In February, former Republican FTC Commissioner Christine Wilson resigned from the agency by writing an Op-Ed in the Wall Street Journal citing abuses of power and disregard for the rule of law. 

Her public resignation was similar to that of former FDIC Chair Jelena McWilliams, who announced she would resign from the FDIC in an op-ed published in The Wall Street Journal that pinned the blame on Chopra. McWilliams accused the Democratic members of the FDIC's board of a partisan ploy to try to "wrest control" of the agency from her.

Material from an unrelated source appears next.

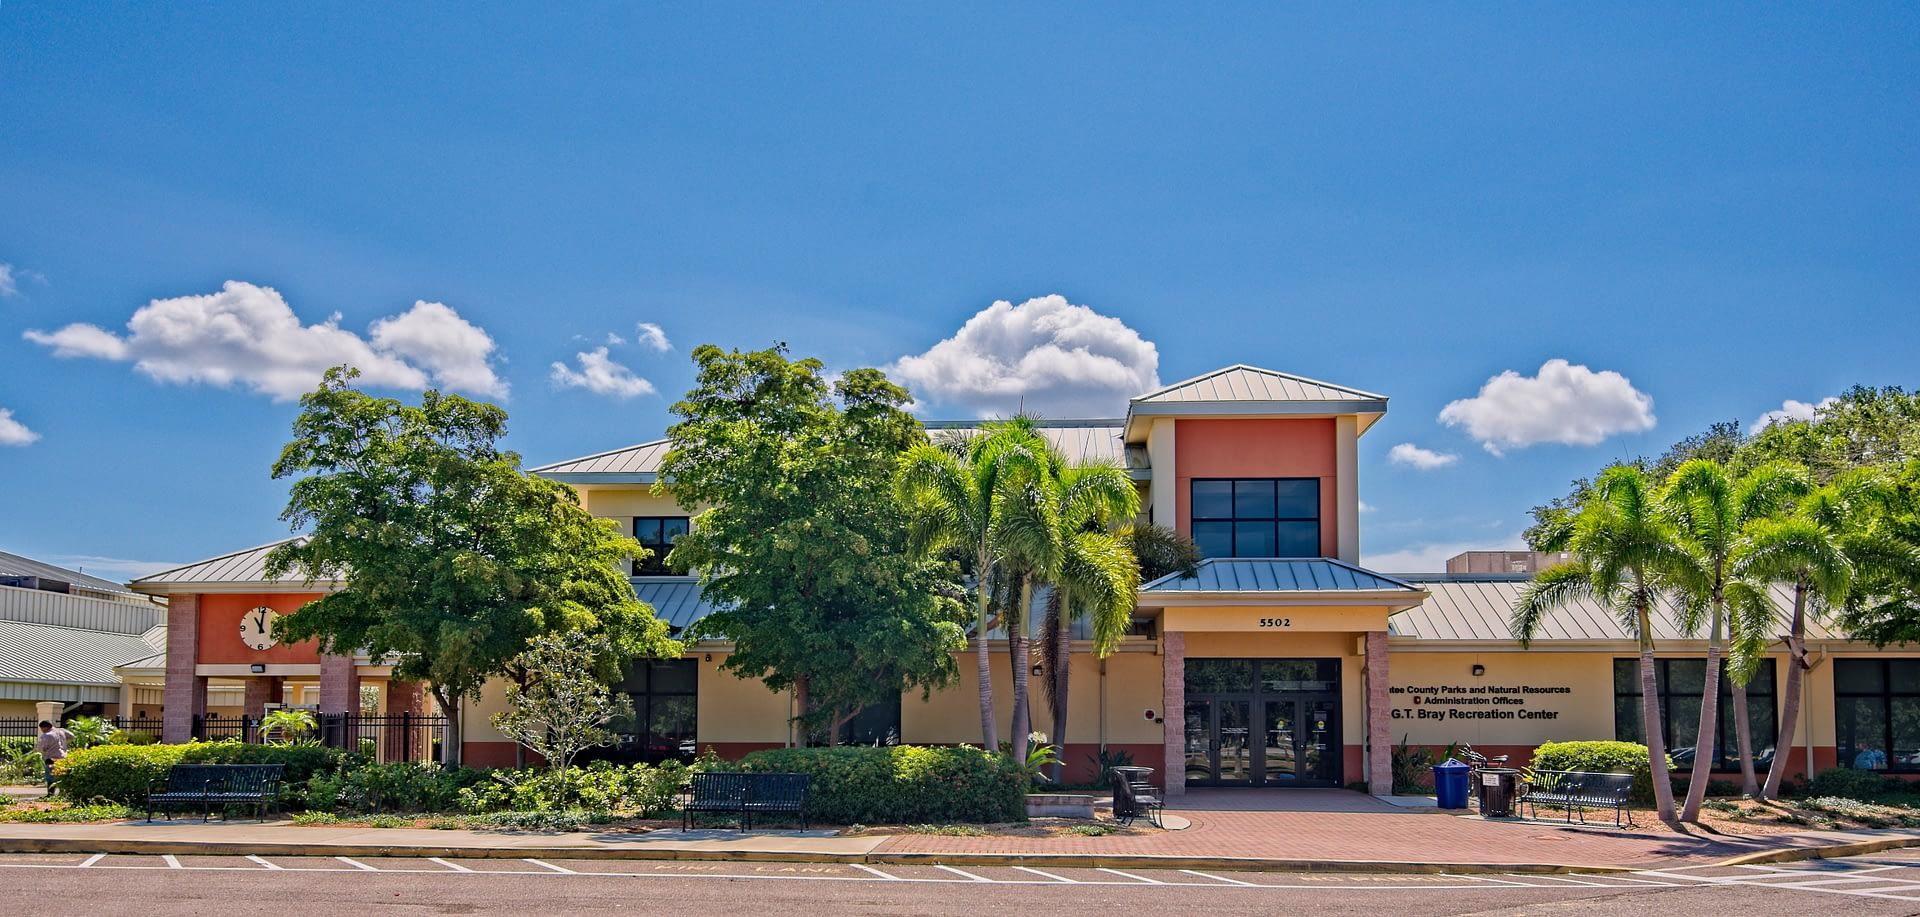 GT Bray Rec Center5502 33rd Ave Dr W, Bradenton, FL 34209

She claimed that Chopra and fellow FDIC board member Martin Gruenberg, who succeeded McWilliams as FDIC chair, had deviated from more than 80 years of precedent by putting forward a draft version of a request for information on bank merger reviews, which she objected to. Acting Comptroller of the Currency Michael Hsu also had voted in favor of the request.

Chopra is likely to dismiss Republicans' attacks. Last year, in congressional testimony, Chopra accused McWilliams of flouting the rule of law by refusing to advance a bank merger policy proposal that was backed in December by the FDIC's three-member Democratic majority.